At present, a heterogeneous catalyst with high activity, high selectivity, good cycle stability and mild reaction conditions is not available.
Disclosure of Invention
Aiming at the technical problems, the invention provides a catalyst for selectively reducing nitroaromatic compounds and application thereof. According to the invention, the nitrogen-doped mesoporous carbon-supported ruthenium metal material is used as a heterogeneous catalyst, so that the selective reduction of the nitroaromatic compound containing unsaturated groups can be realized under mild conditions, the aromatic amine is obtained, and the reaction has the characteristics of high conversion rate, high selectivity and good cycle stability, and is expected to become a feasible way of industrial catalysis.
The technical scheme provided by the invention is as follows:
in a first aspect, the invention provides a method for preparing a nitrogen-doped mesoporous carbon supported ruthenium metal catalyst, comprising the following steps:
(1) Mixing and dispersing ruthenium chloride aqueous solution, tryptophan and mesoporous silica template SBA-15-OH with silicon hydroxyl on the surface of a pore canal in an ethanol-water mixed solvent, and uniformly stirring;
(2) The preparation method comprises the steps of solvent evaporation, heating and roasting, removing the template agent SBA-15-OH, washing, drying and grinding.
Further, in the step (1), the dosage ratio of ruthenium chloride, tryptophan and SBA-15-OH is 0.05-0.2mmol, 0.8-3.2g and 1-2g.
Further, in the step (2), the temperature-raising roasting is performed in an argon atmosphere, and the roasting temperature is 500-900 ℃.
In a second aspect, the invention provides a nitrogen-doped mesoporous carbon supported ruthenium metal catalyst prepared by the method in the first aspect.
Further, in the catalyst, the size of ruthenium metal particles is below 5nm, and the mass fraction is 0.1-20wt%. Preferably, the mass fraction is 1-5wt%.
In a third aspect, the present invention provides the use of the catalyst of the second aspect for the selective reduction of nitroaromatic compounds, comprising the steps of:
(1) Uniformly stirring and mixing the nitrogen-doped mesoporous carbon supported ruthenium metal catalyst, nitroaromatic compounds and a solvent;
(2) Placing the mixture into a high-pressure reaction kettle, filling hydrogen, and magnetically stirring the mixture at room temperature or under heating to perform a reaction;
(3) And (3) recovering the reaction product to obtain the arylamine compound.

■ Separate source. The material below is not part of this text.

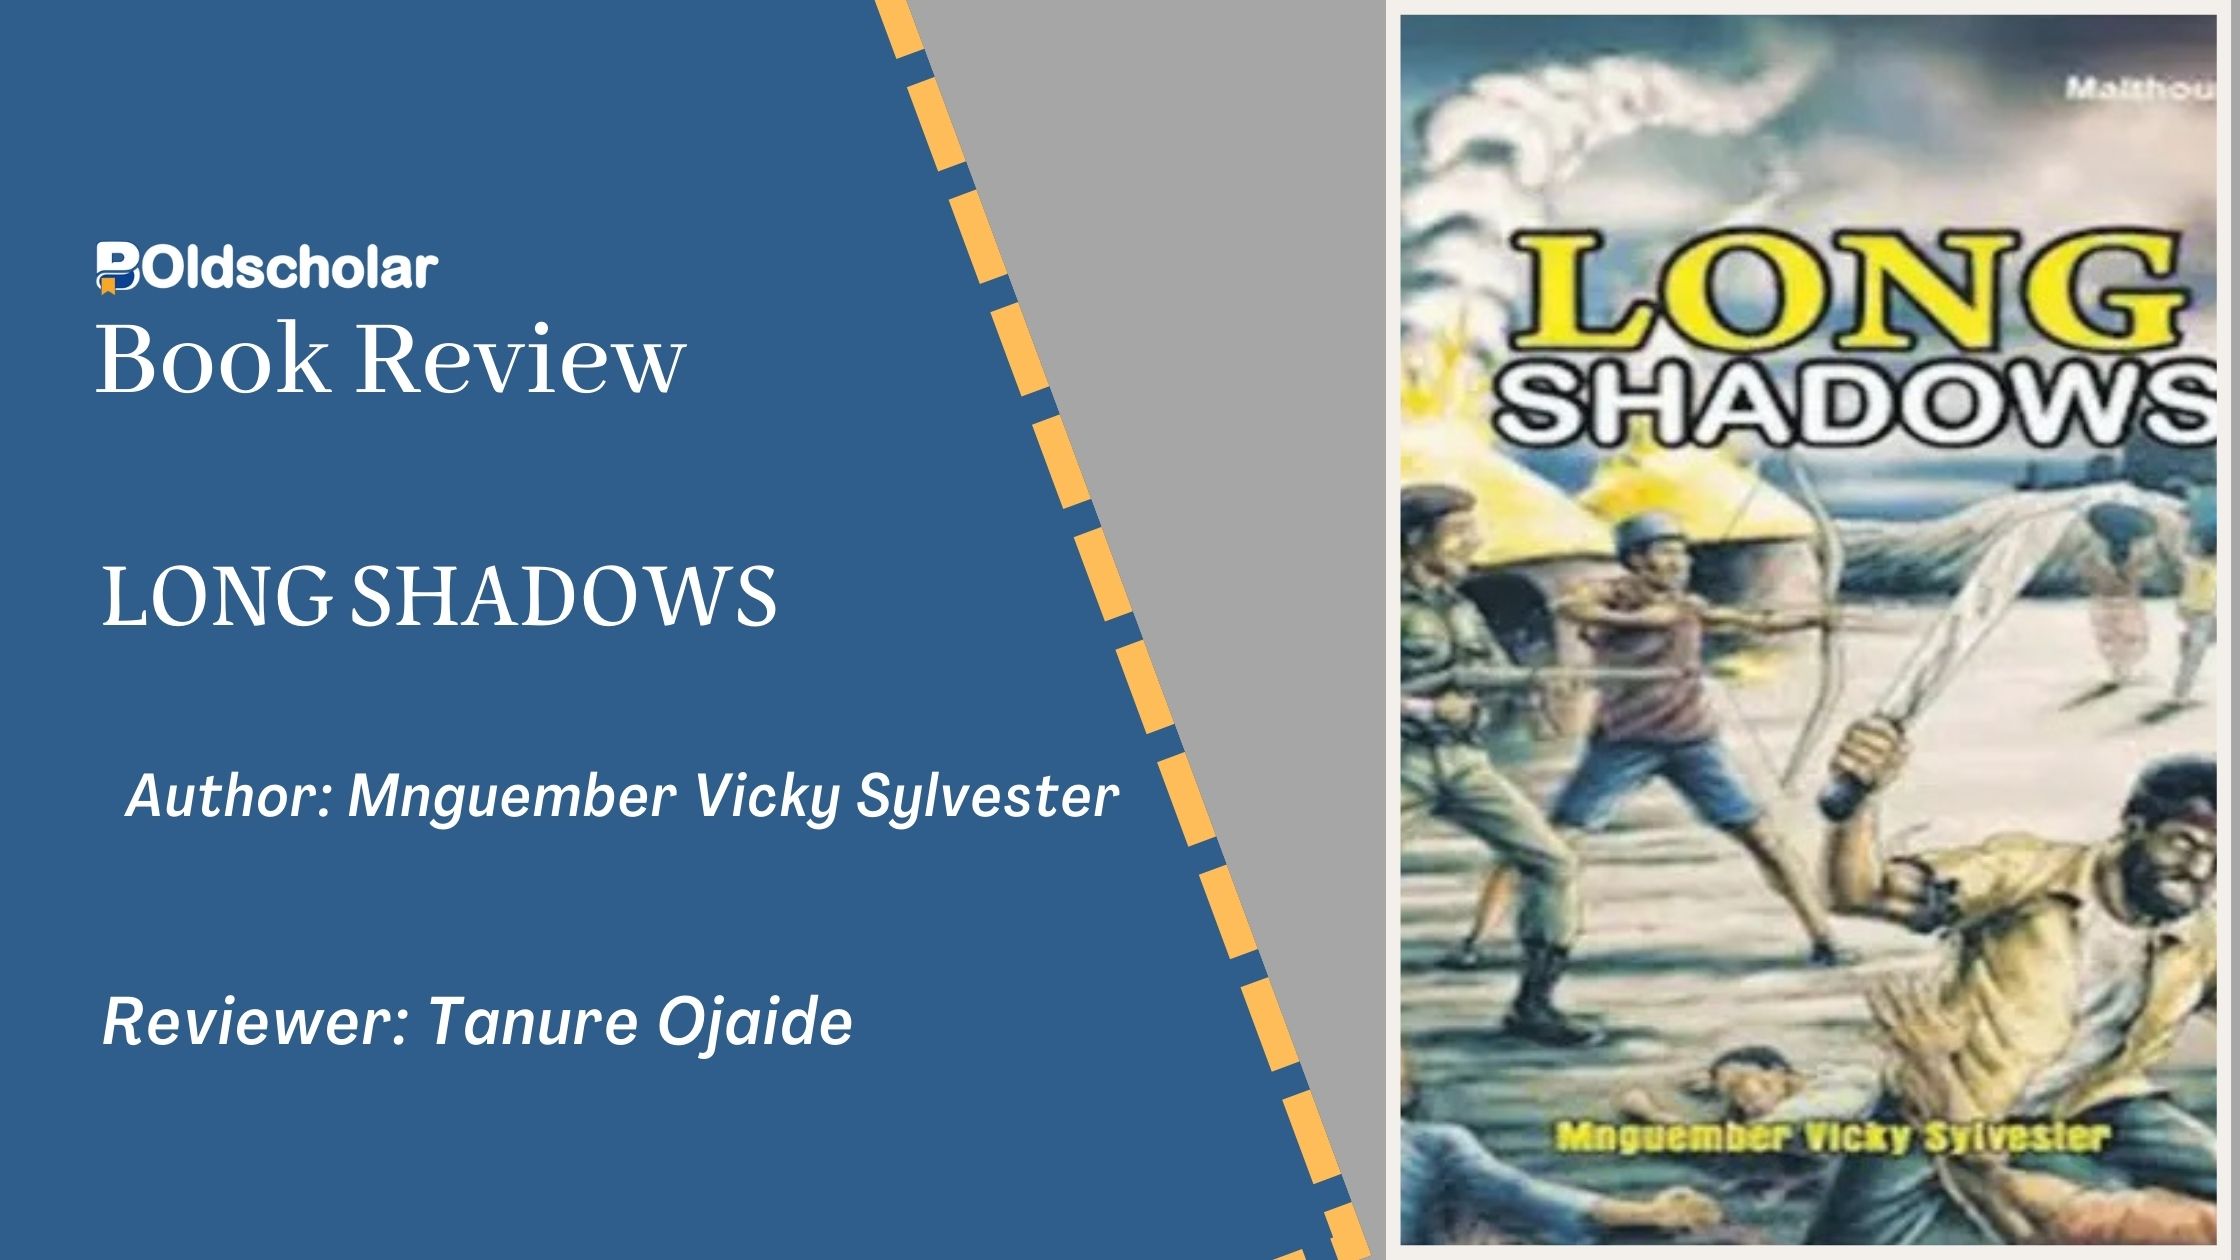 A Review of Vicky Sylvester’s Long Shadows, by Tanure Ojaide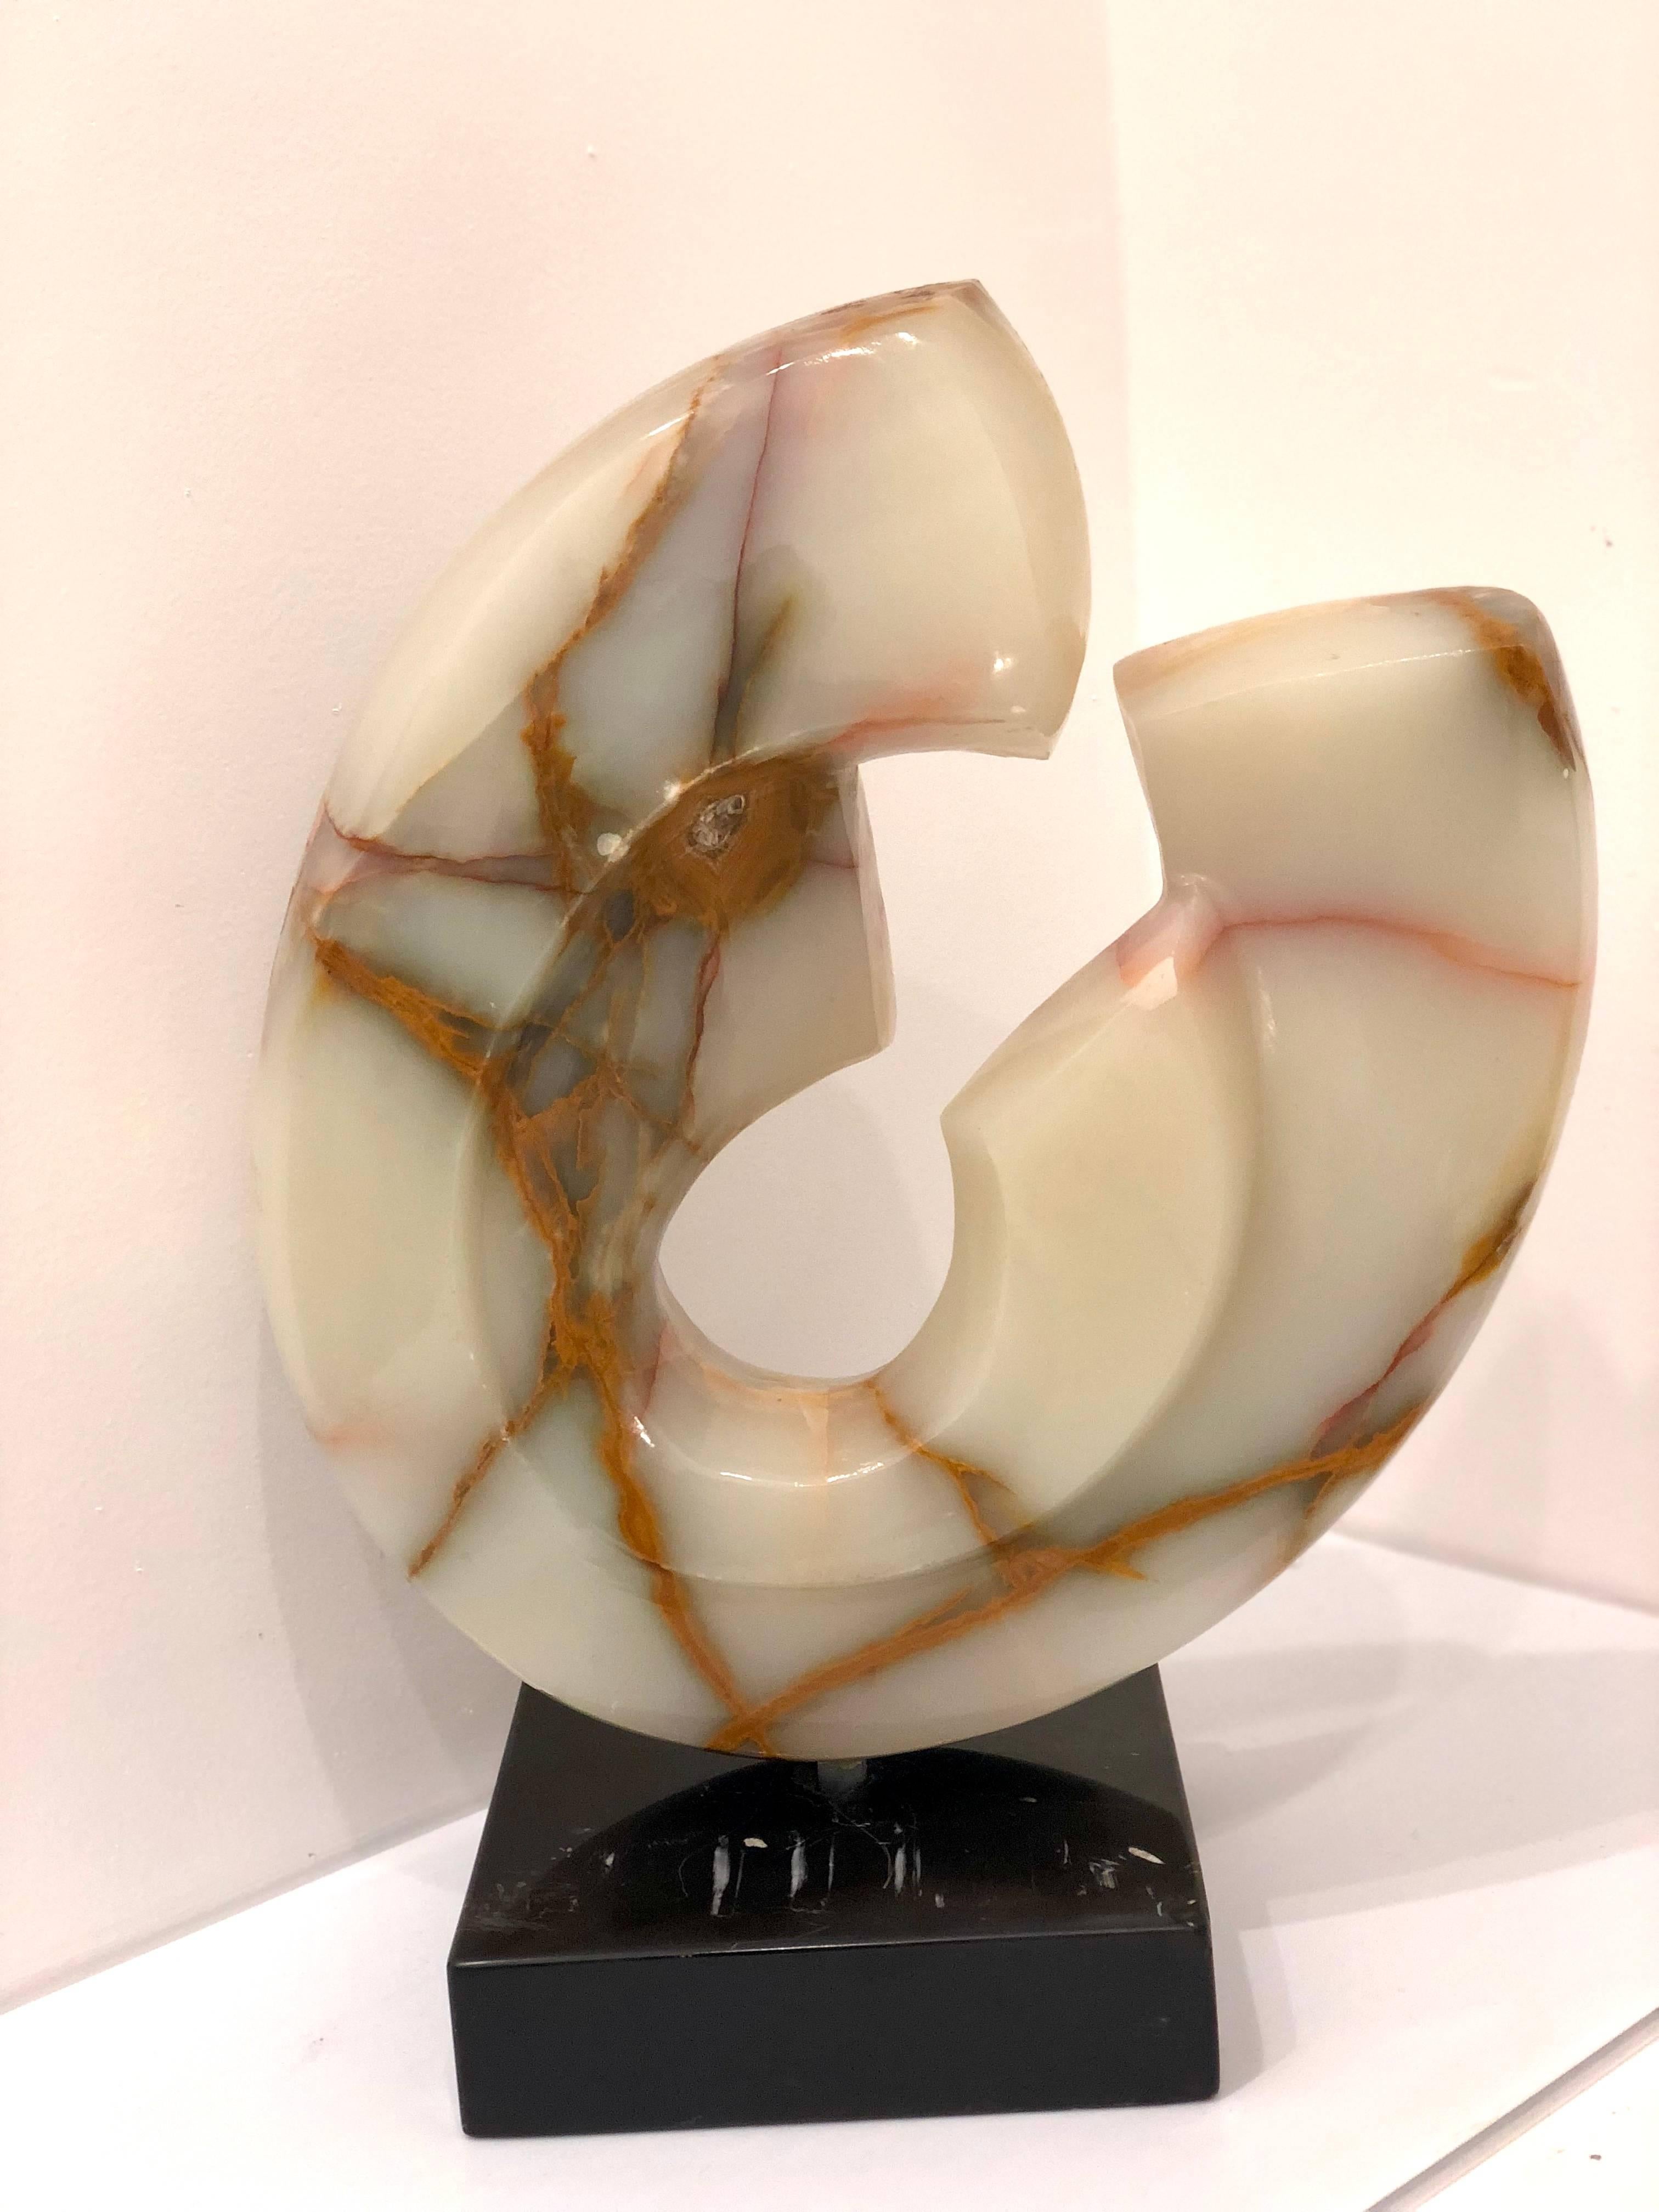 American Modernist Abstract Carved Onyx Sculpture on Black Marble Base

Further, in the step (1), the molar ratio of the metal ruthenium atom to the nitroaromatic compound in the nitrogen-doped mesoporous carbon supported ruthenium metal catalyst is 0.01-10:100, and the dosage ratio of the nitroaromatic compound to the solvent is 1g:10-200mL.
Further, in the step (1), the nitroaromatic compound is a substituent of nitrobenzene, and the substituent contains at least one electron withdrawing group or at least one electron donating group; the electron withdrawing group comprises-C.ident.N, -C=O, -Cl, -Br, -I, -F, -c=c-, said electron donating group comprising-CH 3,–NH3,–O–CH3.
Still further, the substituents include-Cl, -Br, -I, -F, -C=CH 2, -C≡N, C1-C2 alkyl, C1-C2 alkoxy, -COR 1,–R2C≡N,–SO2R3,R1 is selected from hydrogen, phenyl, C1-C2 alkyl or amino, R 2 is selected from phenyl or C1-C2 alkyl, R 3 is selected from C1-C2 alkyl substituted amino. Preferably, the substituents are selected from the group consisting of-Cl, -Br, -I, -F, -c=ch 2,–CH3,–COH,–COPh,–O–CH3,–C≡N,–CH2 c≡n or-SO 2NHCH3.
In the step (1), the solvent is one or more of water, ethanol, methanol, tetrahydrofuran, ethyl acetate, dichloromethane, acetonitrile and cyclohexane.
Further, in the step (1), the reaction temperature is 0-200 ℃, the reaction pressure is 0.01-10MPa, and the reaction time is 0.01-200 hours. Preferably, the reaction pressure is 0.1-5MPa and the reaction time is 0.1-20 hours.
In the step (3), after the reaction is finished, the reaction liquid is filtered, extracted and simply purified to obtain an aromatic amine product.
In the step (3), after the reaction is finished, the catalyst is washed, centrifuged and dried for recycling.
The invention has the beneficial effects that:
1) The heterogeneous nitrogen doped mesoporous carbon supported ruthenium metal catalyst is synthesized by a one-pot method, the synthesis process is simple, the operation is simple and convenient, the industrialized mass production can be realized, and meanwhile, the material has a regular and ordered mesoporous structure and a high specific surface area.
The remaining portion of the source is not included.